Information supplied:
*-*-*

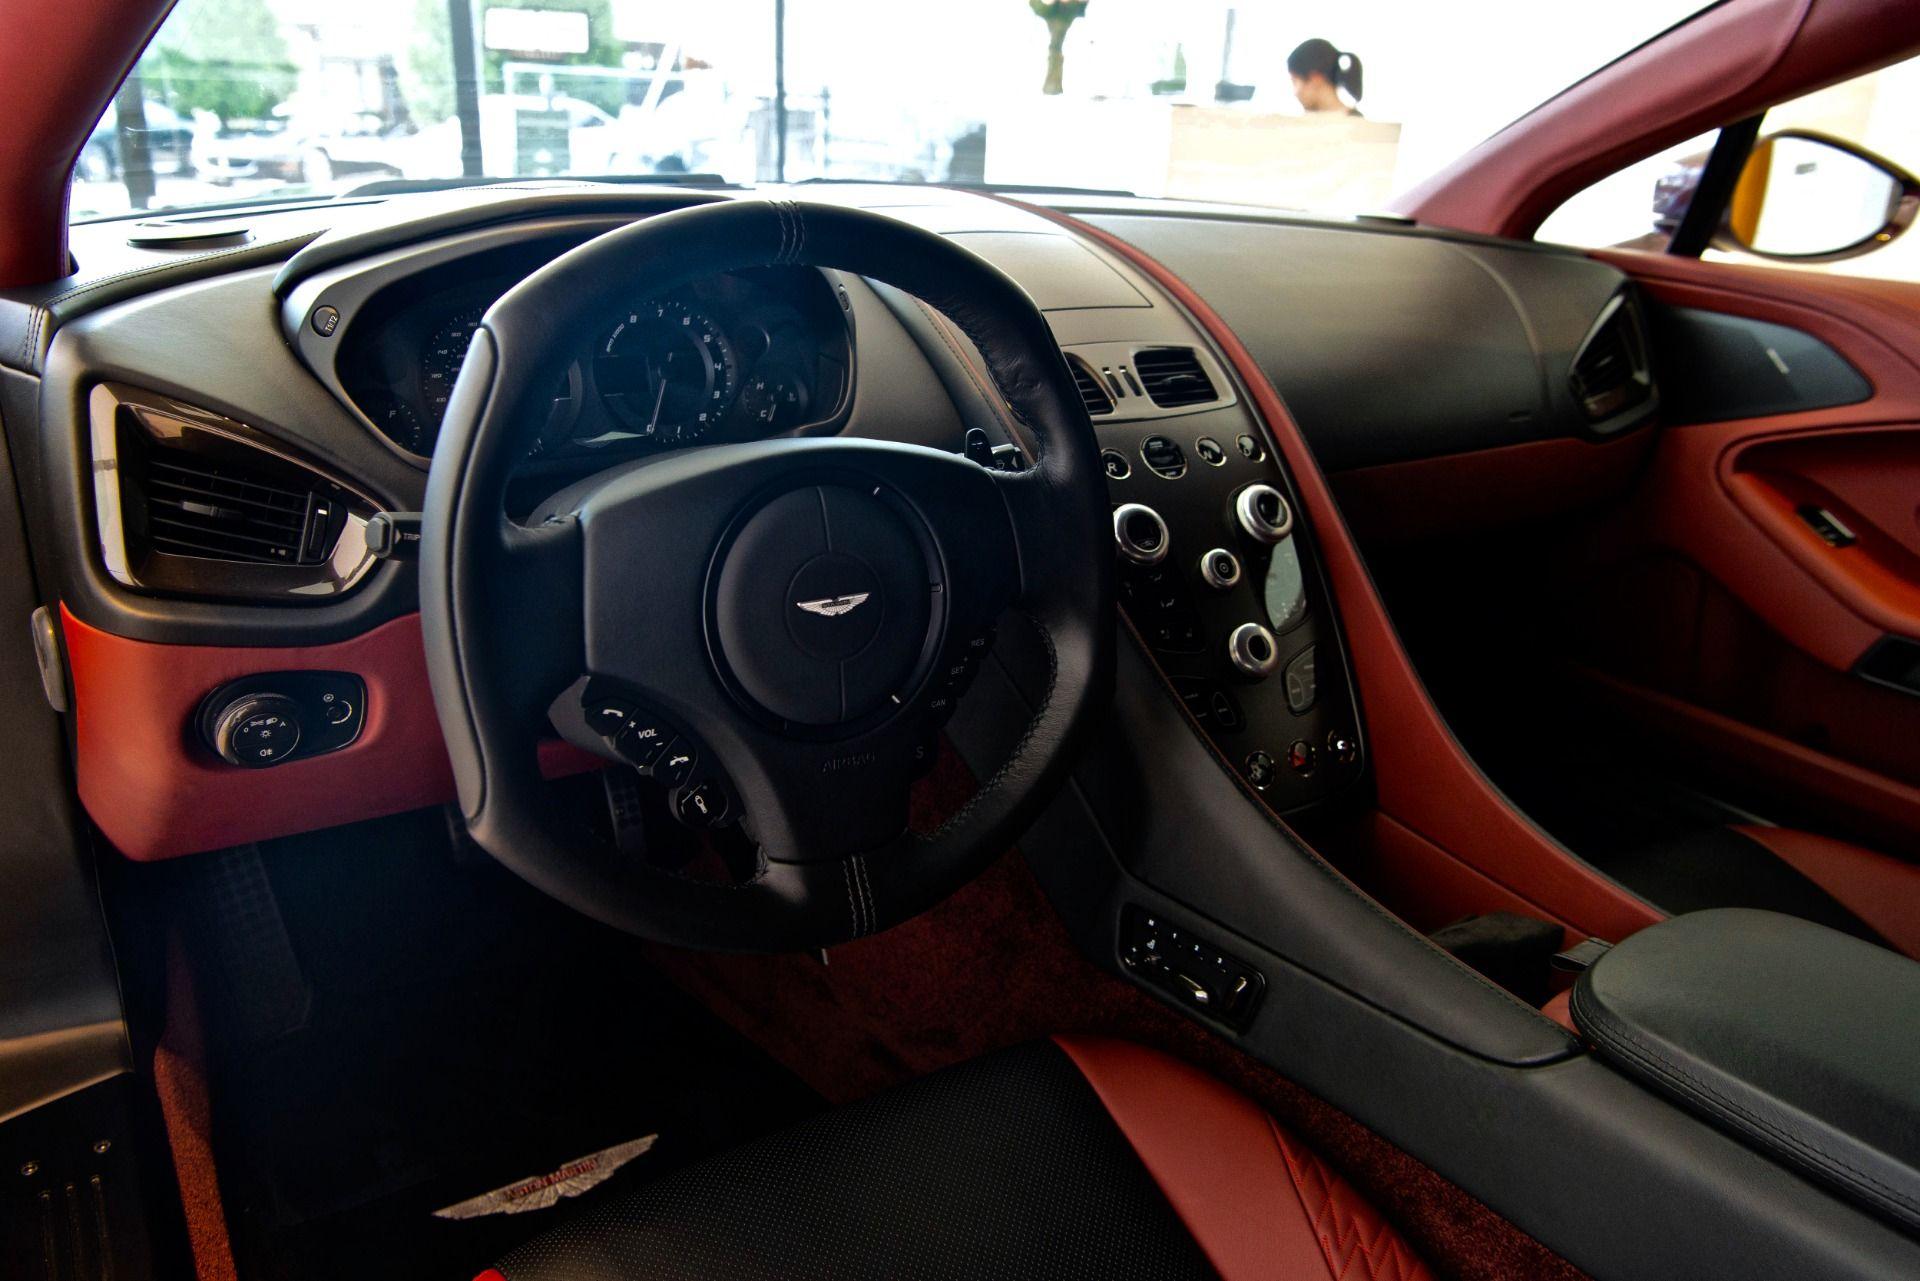 2018 Aston Martin Vanquish Zagato In 2020 Aston Martin Vanquish Aston Martin Vanquish
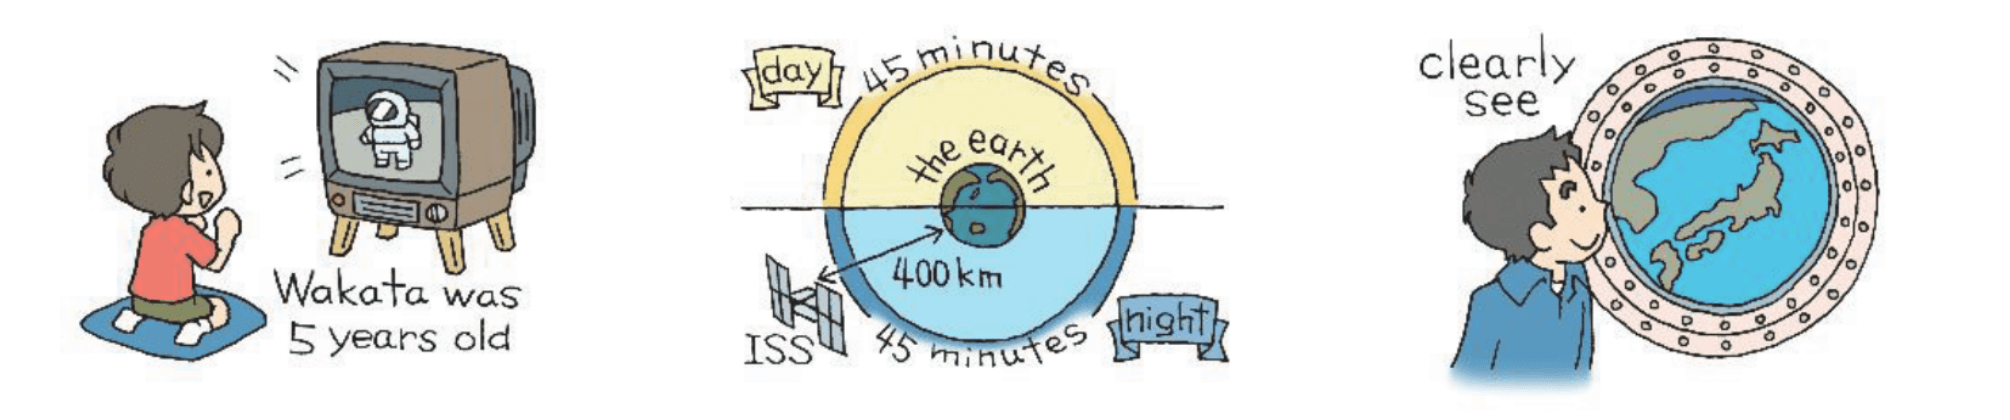 Retelling用のスライドを作成イメージ02
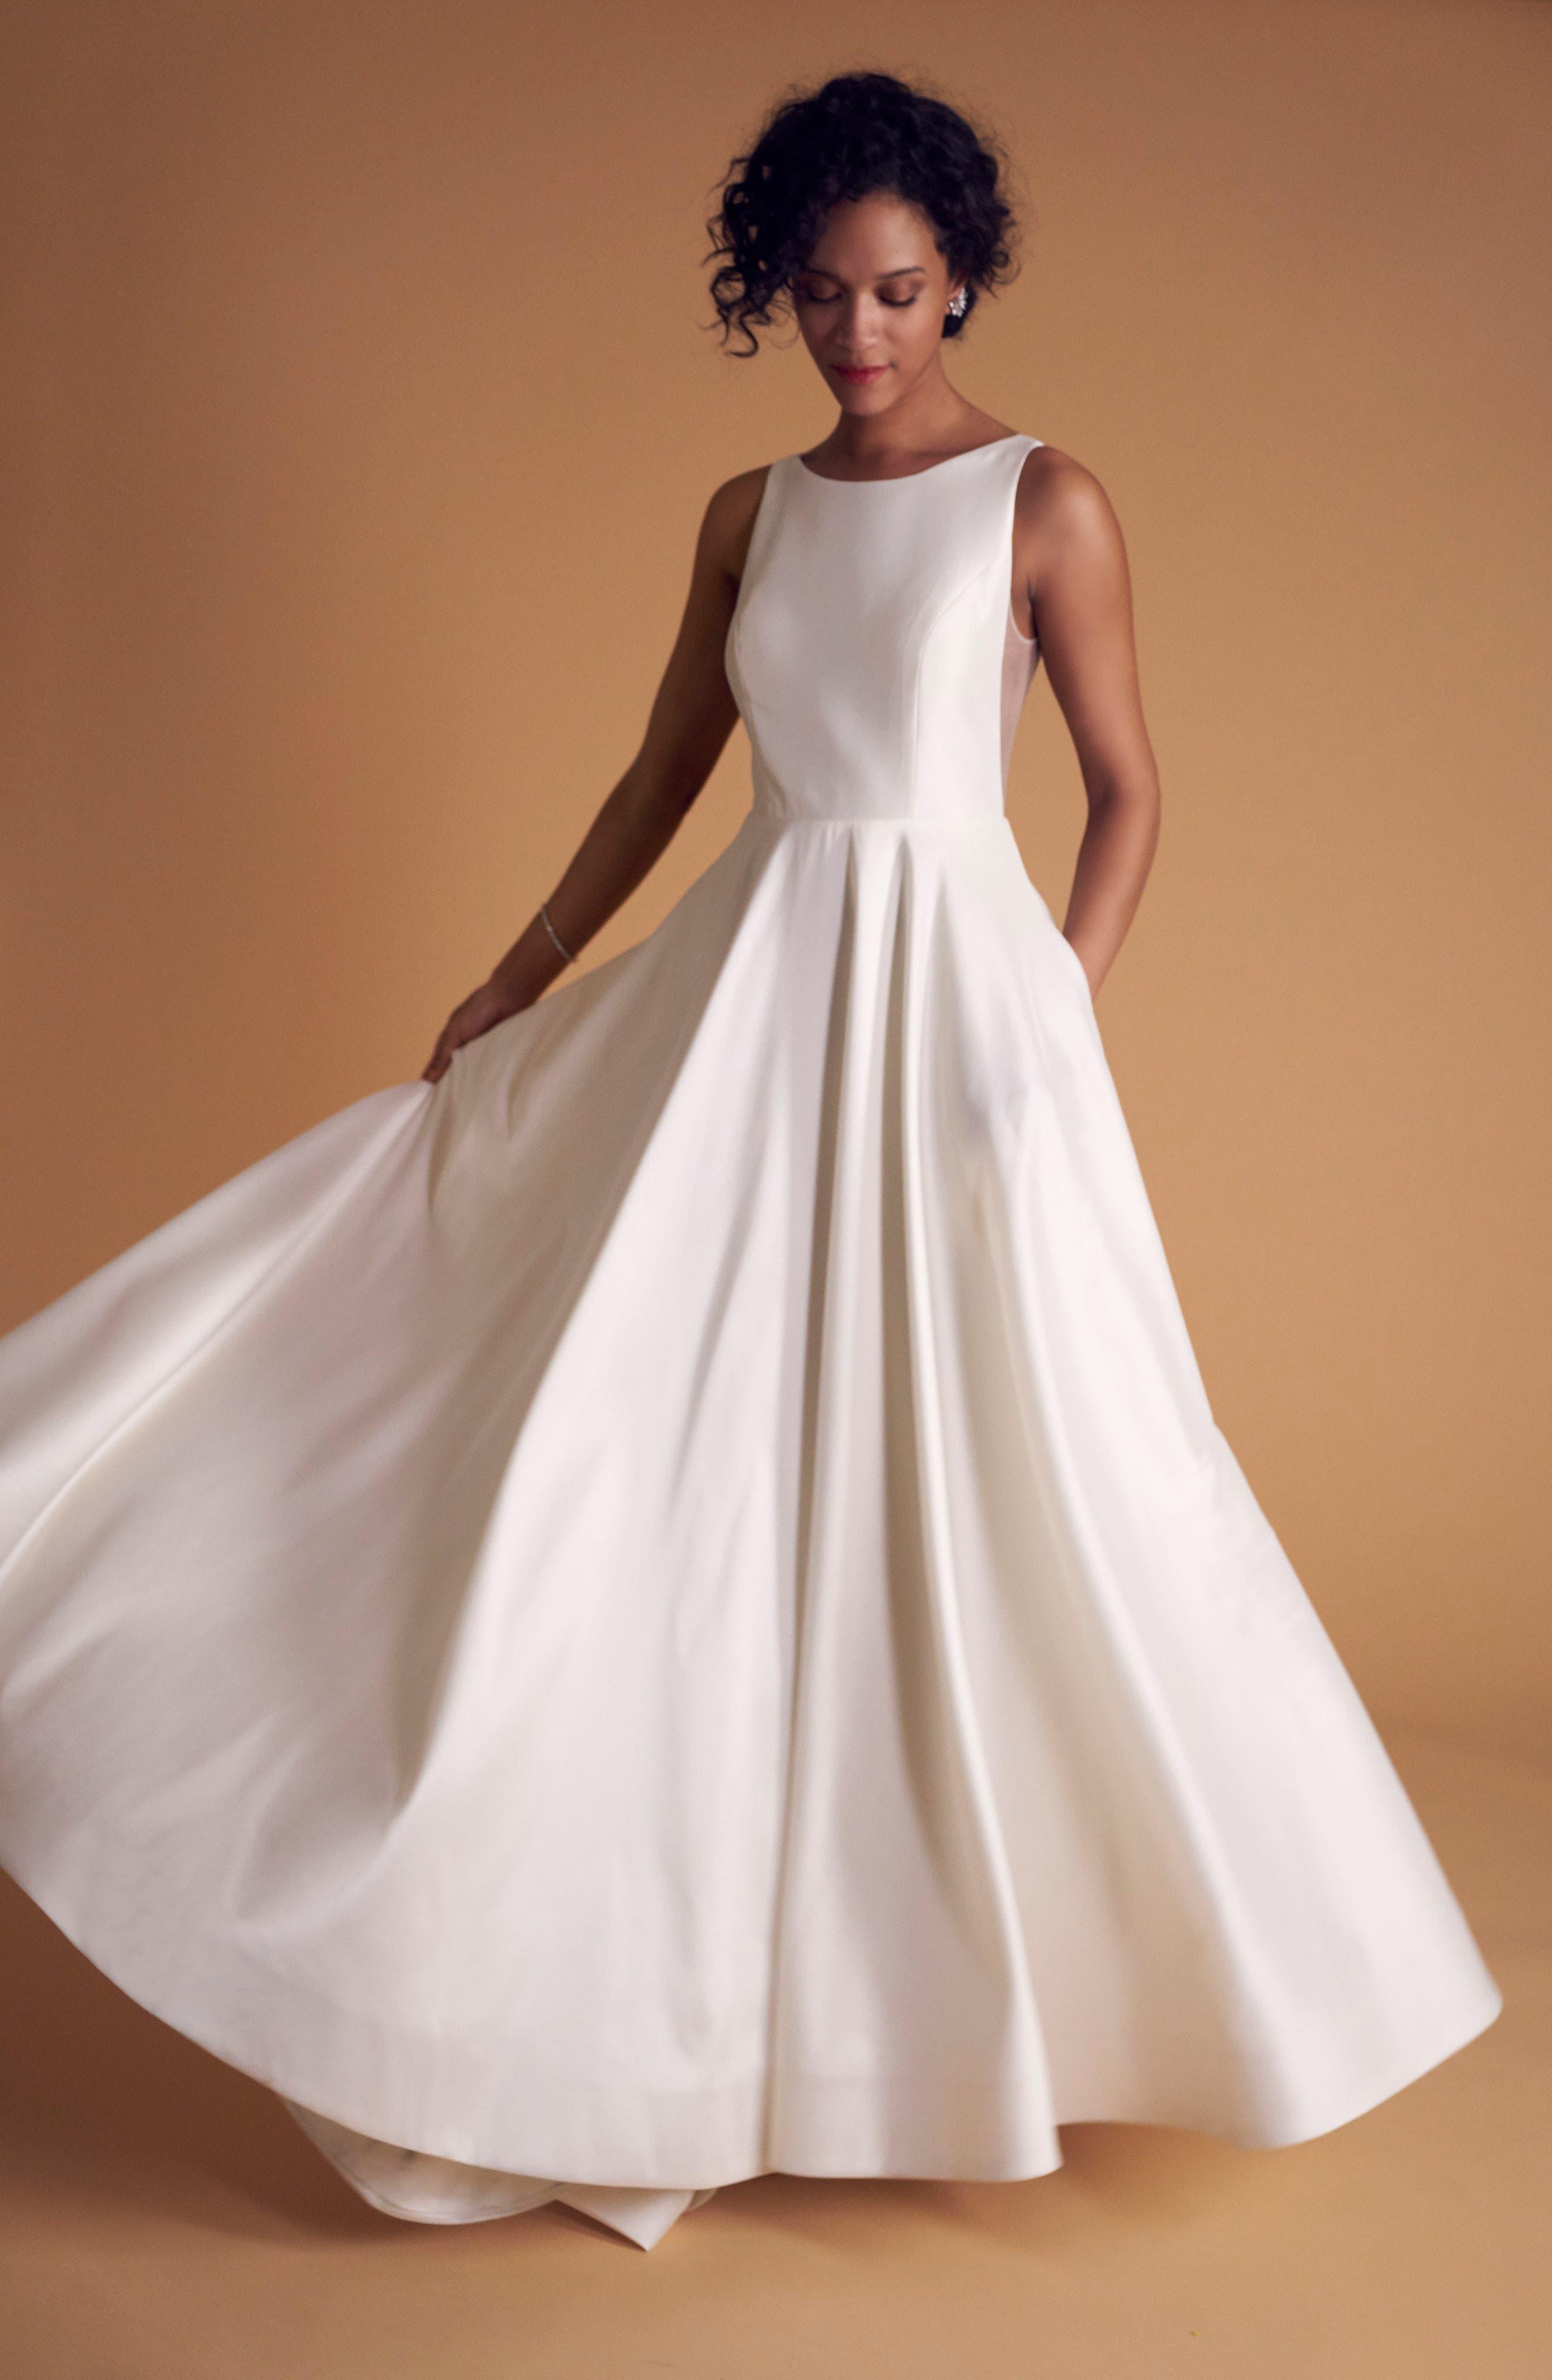 Ashton Plunge Back A-Line Gown,                             Alternate thumbnail 4, color,                             IVORY

*-*-*

Action item: Your answer must reproduce exactly the lines from the line with "Retelling用のスライドを作成イメージ02" through the end of the material, both ends included, with every picture dropped.

Finished task:
 Retelling用のスライドを作成イメージ02
 Ashton Plunge Back A-Line Gown,                             Alternate thumbnail 4, color,                             IVORY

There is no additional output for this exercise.